The Assembly convened in plenary sessions and ad hoc committee meetings, employing procedural rules modeled on national legislatures like the Parliament of the United Kingdom and supranational precedents from the Council of Europe Parliamentary Assembly. Committees addressed areas including industrial policy, social policy, external relations with entities such as the Organisation for European Economic Co-operation and the North Atlantic Treaty Organization, and legal affairs referencing doctrines from the European Court of Human Rights. Voting procedures, quorum requirements, and agenda-setting were negotiated among delegations and influenced by parliamentary practices from the Bundesrat and the Italian Chamber of Deputies.

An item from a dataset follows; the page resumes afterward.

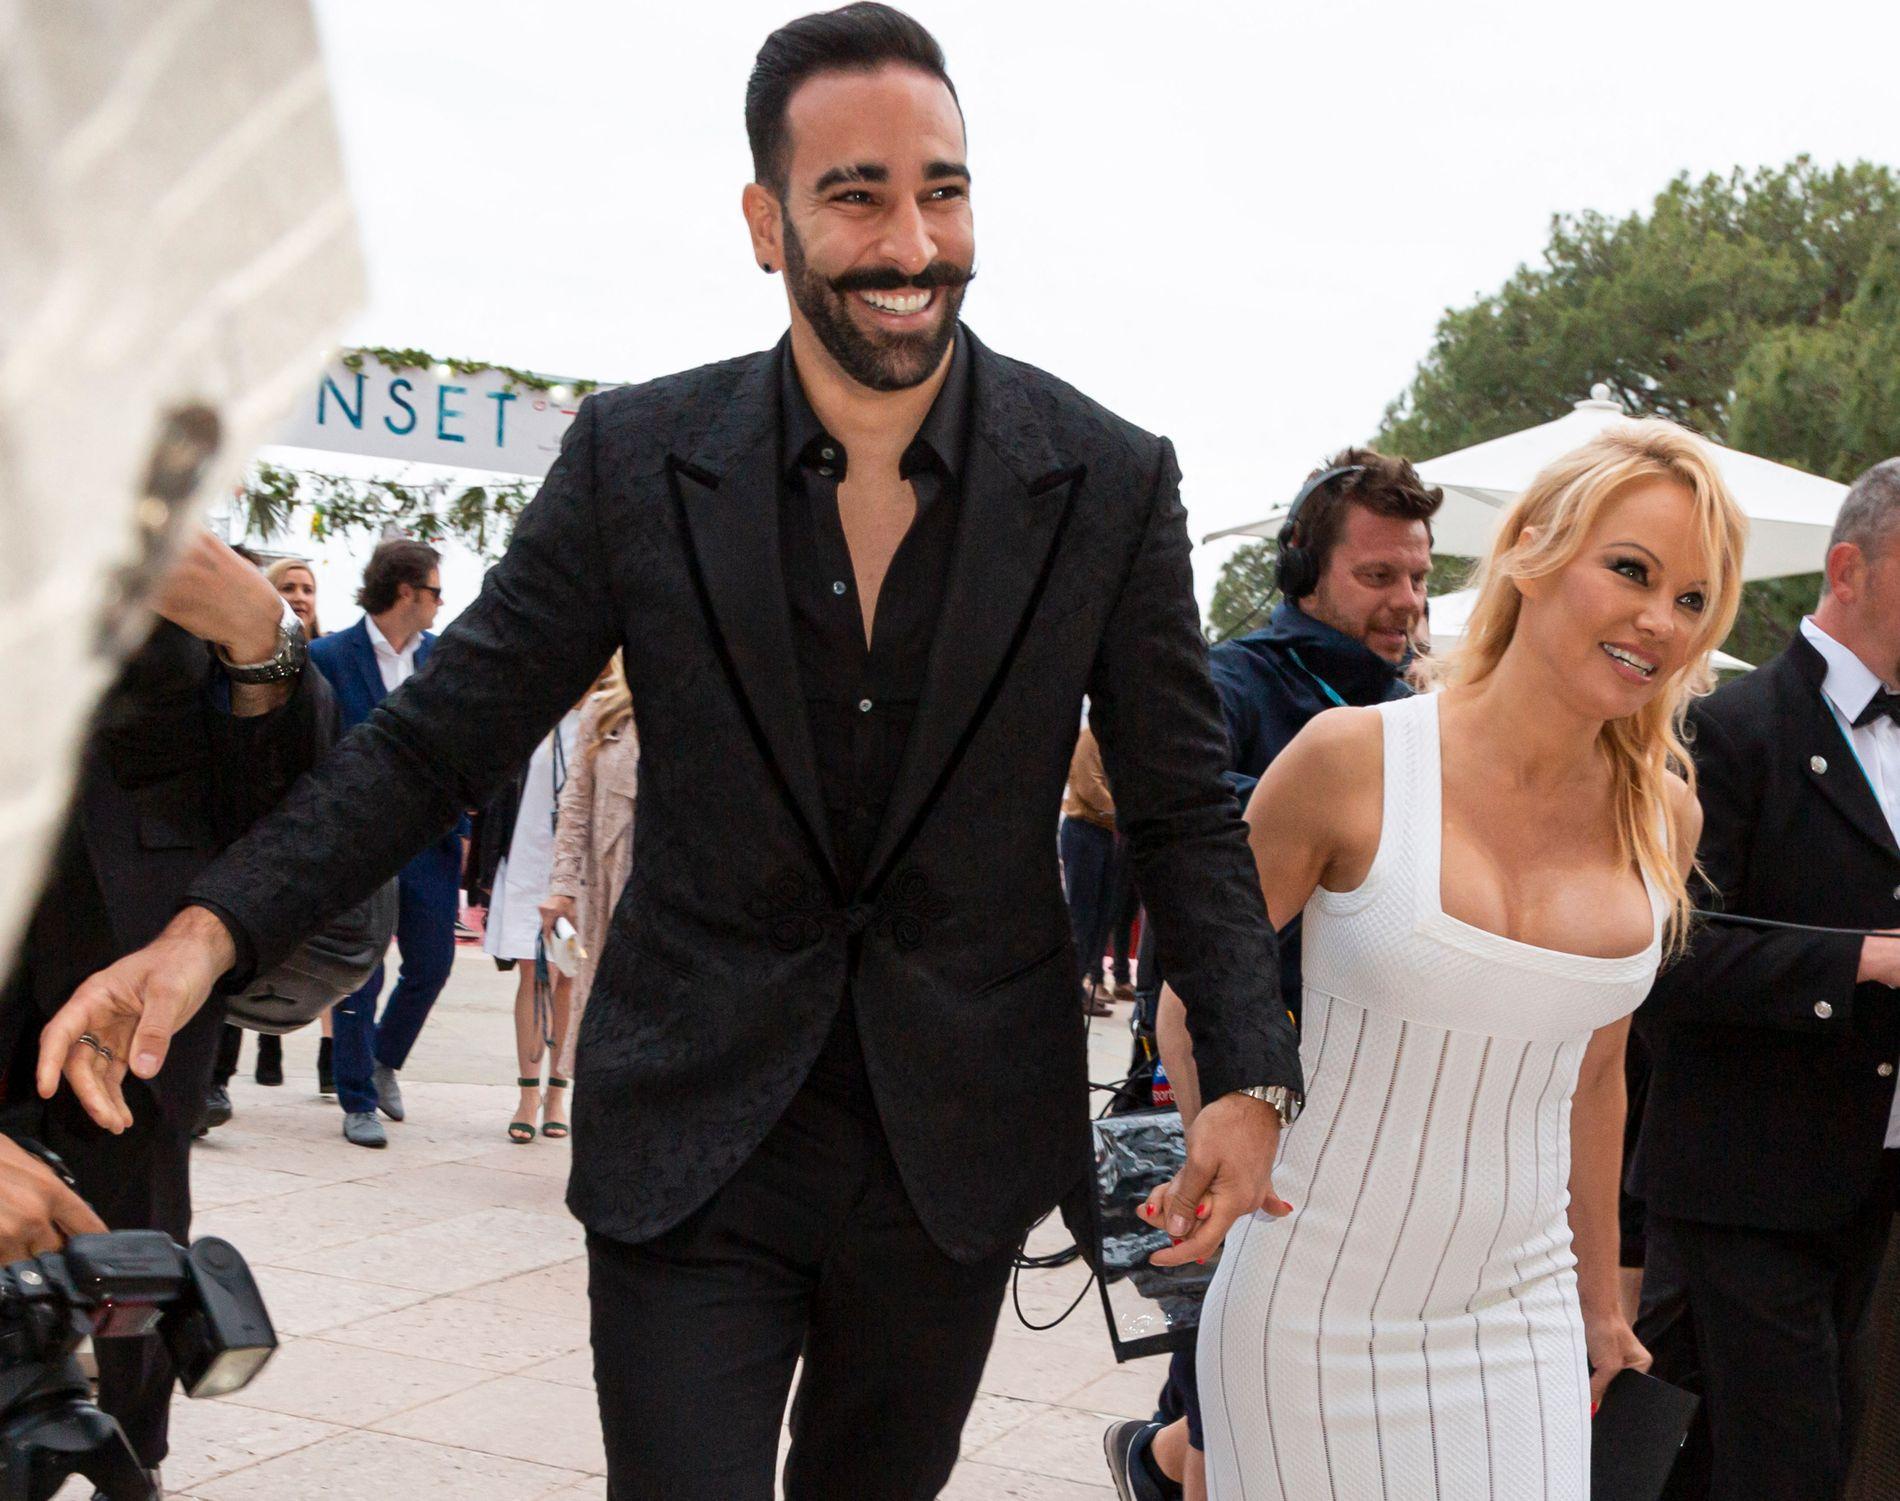 49939ded HÅND I HÅND: Adil Rami og Pamela Anderson på moteshowet i Monaco. Foto:  Piovanotto Marco/ABACA / ABACA

Relationship with Other ECSC Institutions

Institutionally, the Assembly interacted with the High Authority, the Council of Ministers, and the ECSC Court of Justice. It provided democratic legitimacy and public scrutiny akin to relationships between the United States Congress and the Executive Office of the President or between the German Bundestag and the federal government. The Assembly's opinions and resolutions shaped policy deliberations in the Council of Ministers and influenced administrative decisions of the High Authority, while disputes could be subject to interpretation by the Court of Justice of the European Coal and Steel Community, paralleling interactions seen in the European Court of Justice’s jurisprudence.

Legacy and Dissolution

The Common Assembly's consultative model and institutional experience contributed directly to the creation of the directly elected European Parliament through the Treaties of Rome (1957) and later treaties such as the Merger Treaty (1965), which led to the 1967 fusion of executive institutions and the Assembly’s evolution into the European Parliamentary Assembly. Prominent figures associated with the Assembly—Paul-Henri Spaak, Altiero Spinelli, Robert Schuman—left intellectual and institutional legacies echoed in later documents like the Spinelli Plan and debates at the European Council. The Assembly’s records informed scholarship in fields covered by institutions like the College of Europe and archives in Luxembourg City and Strasbourg, and its dissolution formalized the transition from sectoral supranational governance to broader European integration embodied by the European Communities and eventually the European Union.